In the entries below, find the line with "Montessori Teacher Cover Letter Template" and the line with "Как сделать, чтобы"; copy them and every line between them exactly, but not the pictures.

> _Source material_
++++++++++

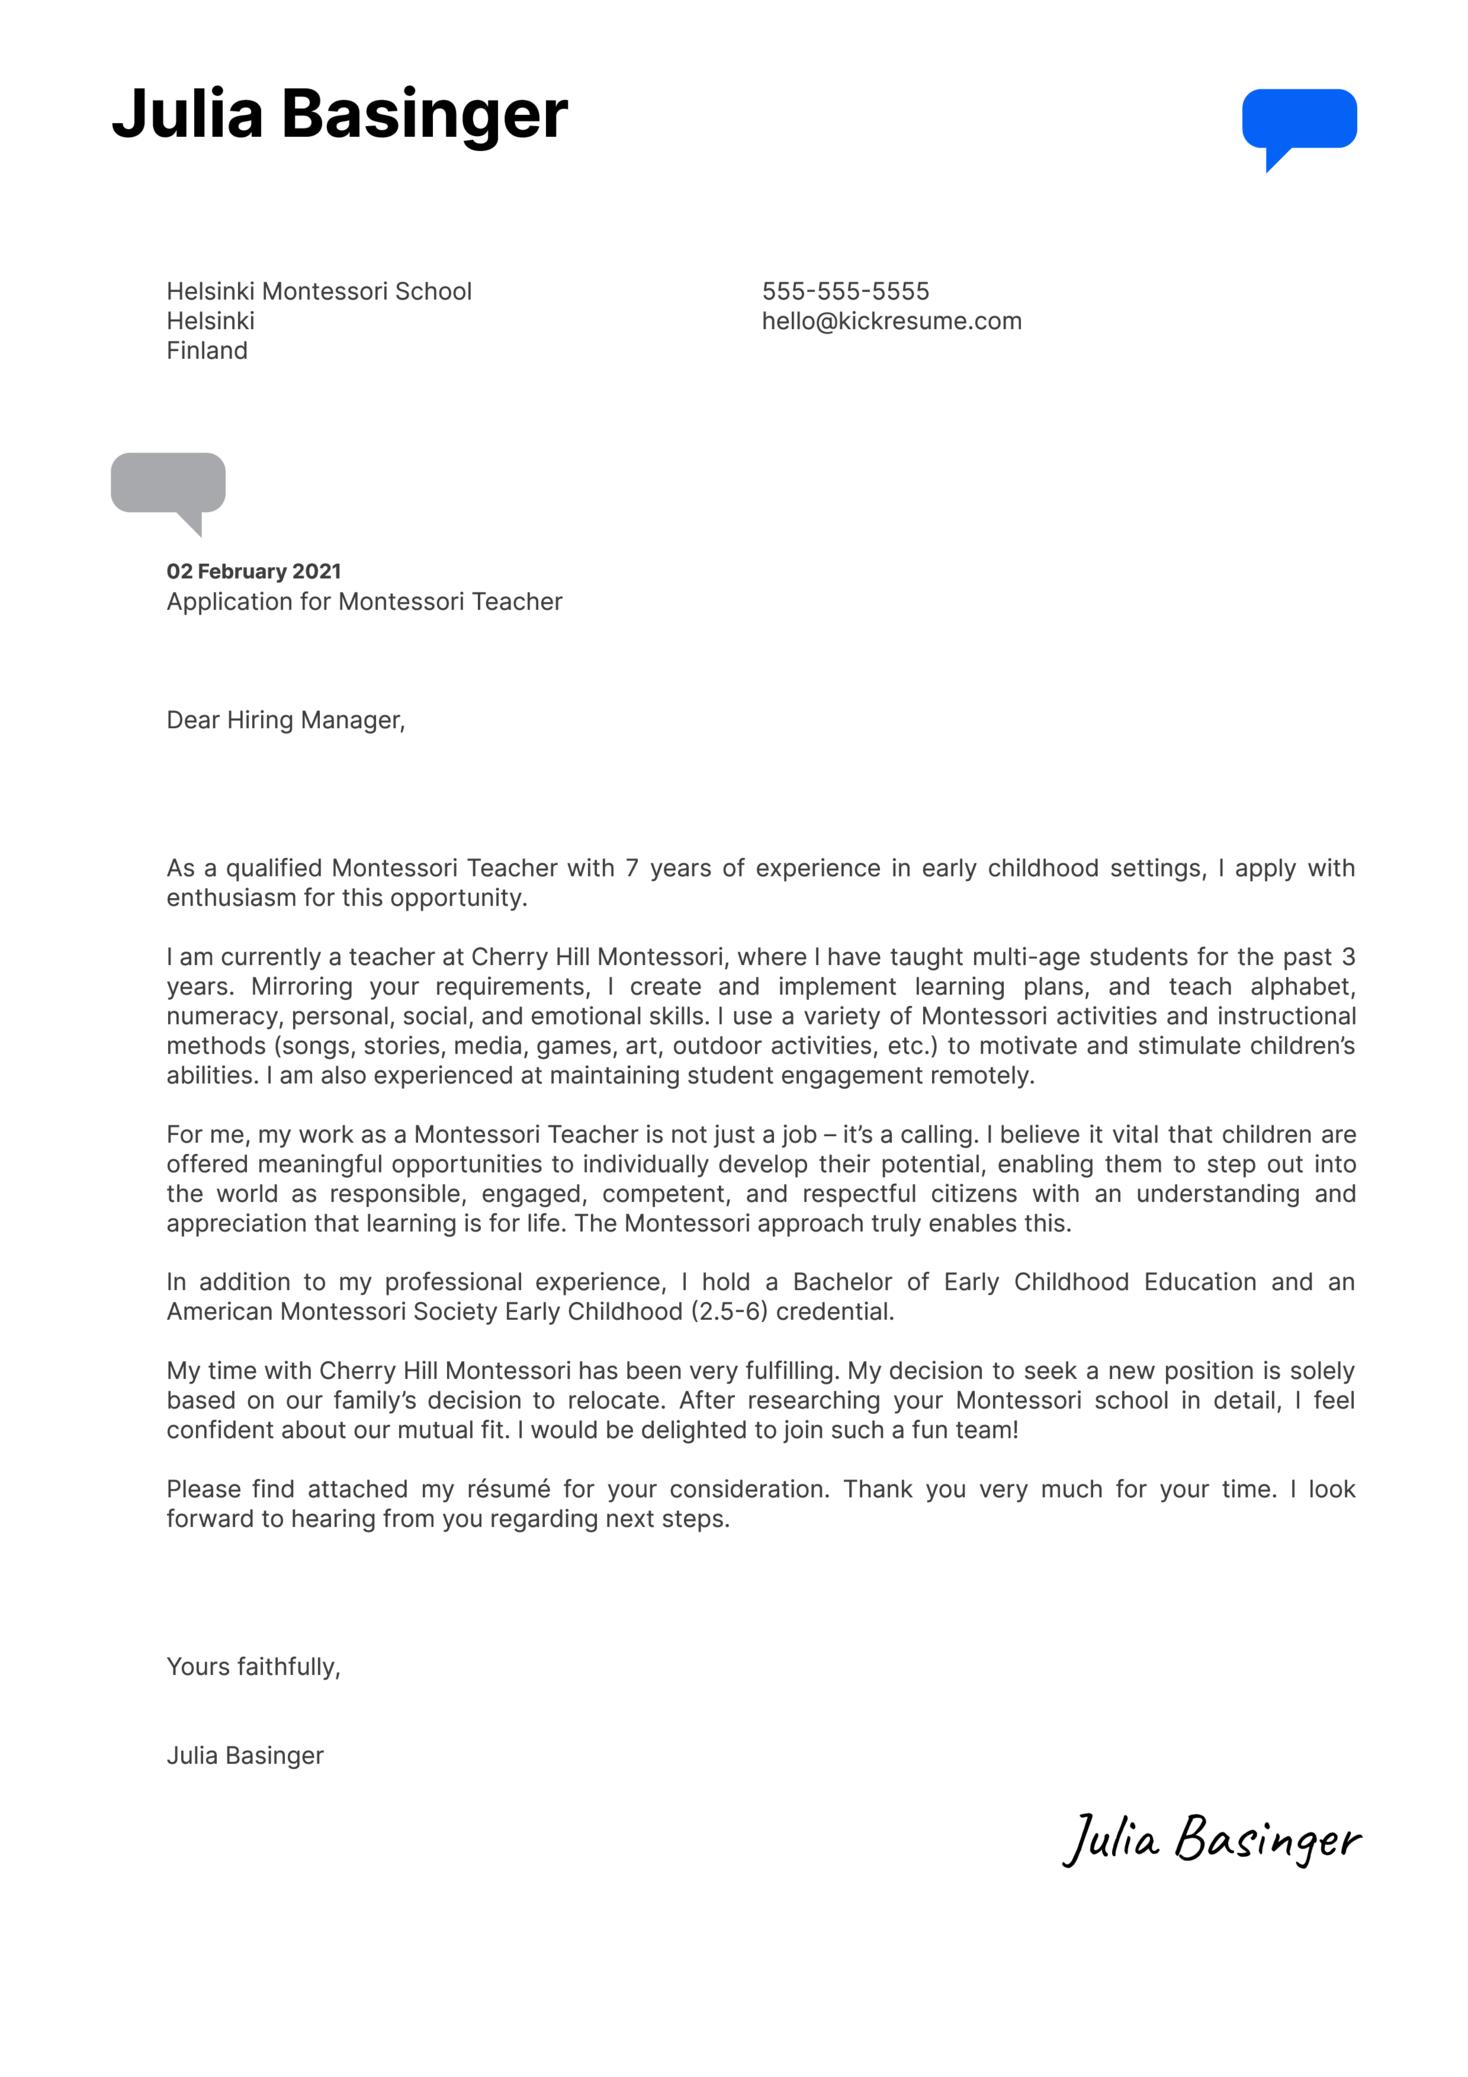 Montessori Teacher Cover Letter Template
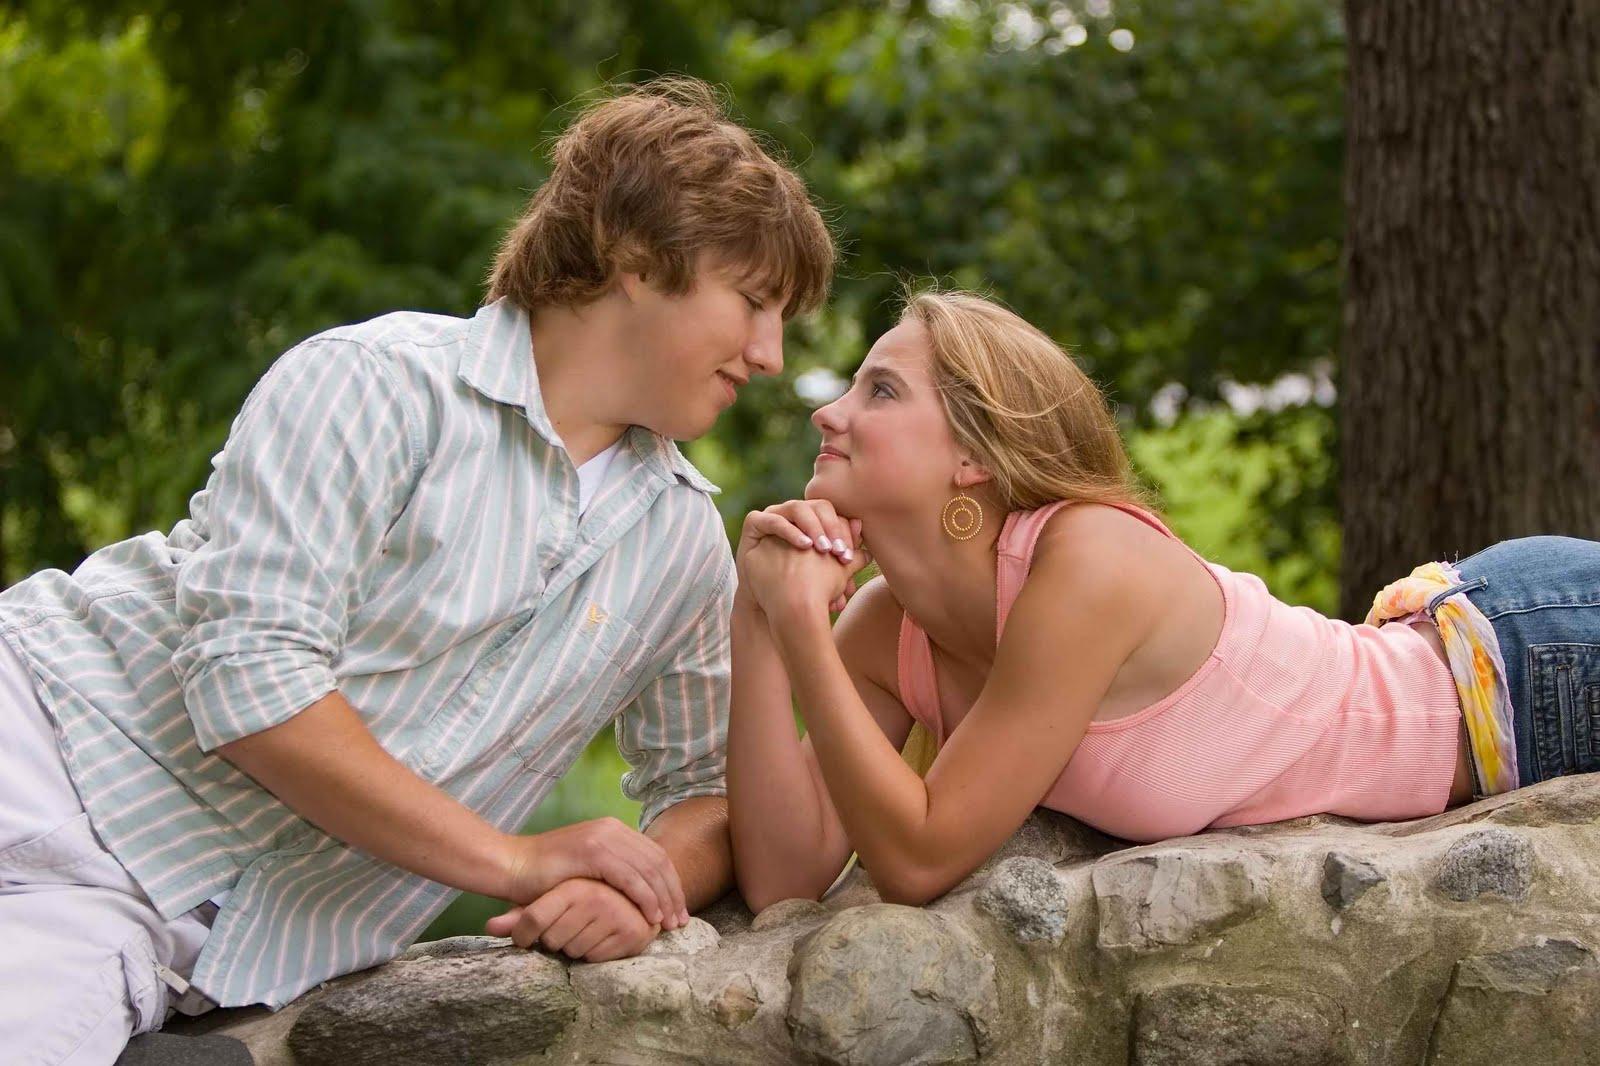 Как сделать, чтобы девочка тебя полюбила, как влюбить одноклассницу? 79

++++++++++

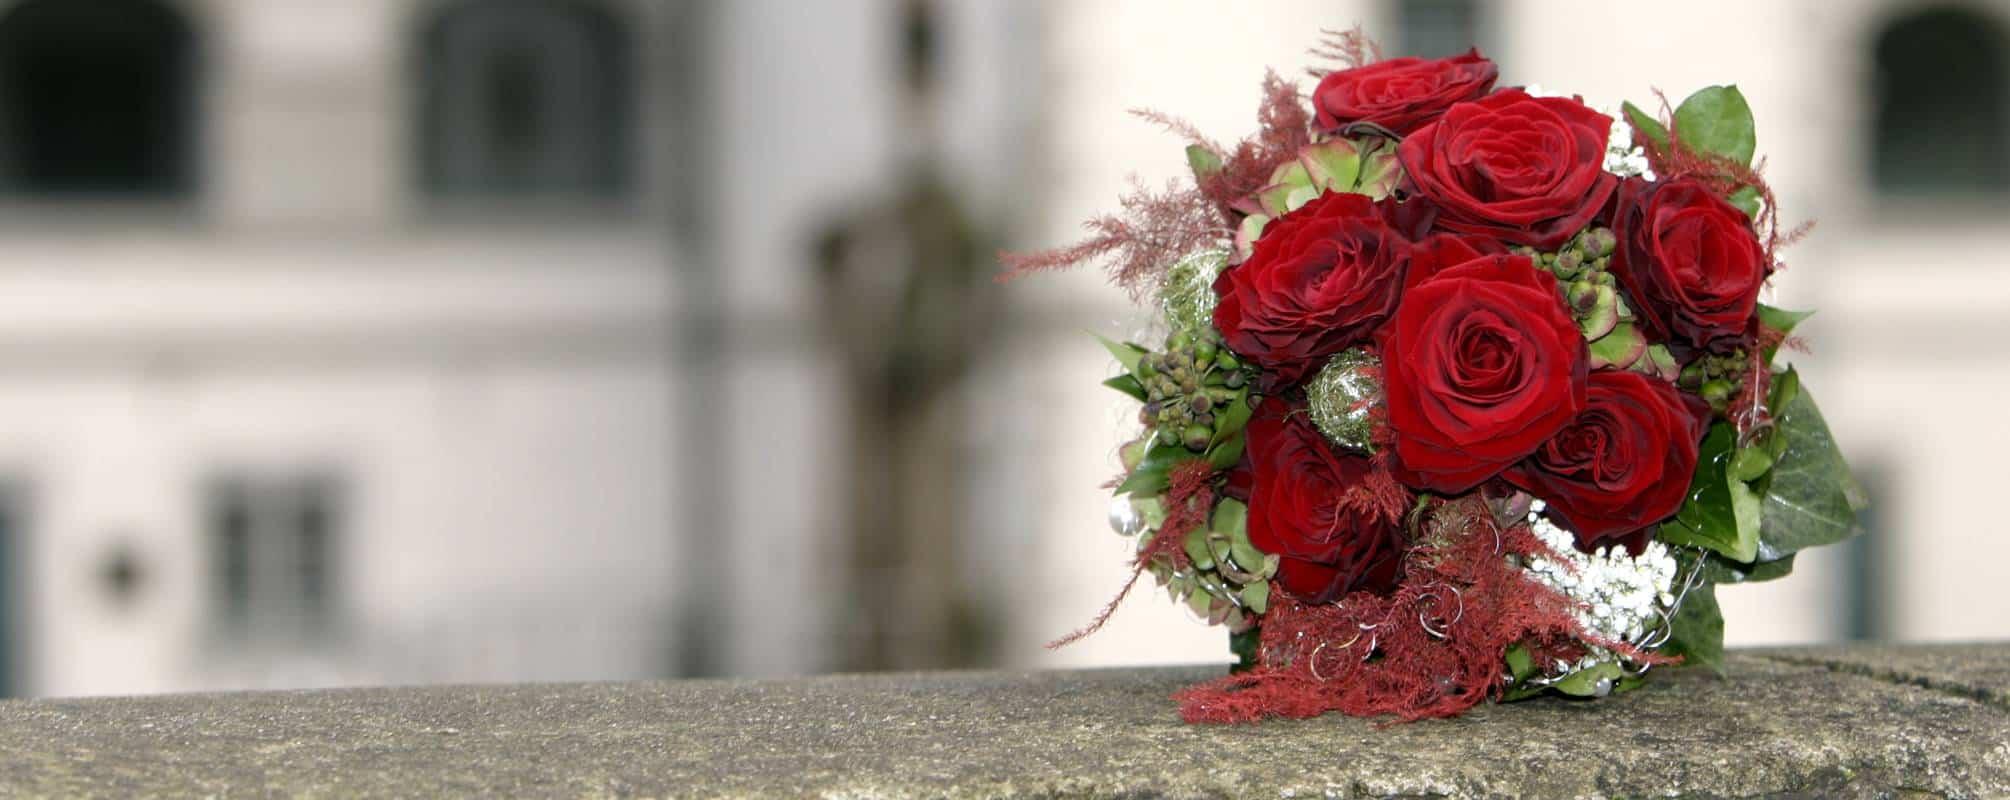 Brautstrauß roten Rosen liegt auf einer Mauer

++++++++++

> _Solution to this exercise_
 Montessori Teacher Cover Letter Template
 Как сделать, чтобы девочка тебя полюбила, как влюбить одноклассницу? 79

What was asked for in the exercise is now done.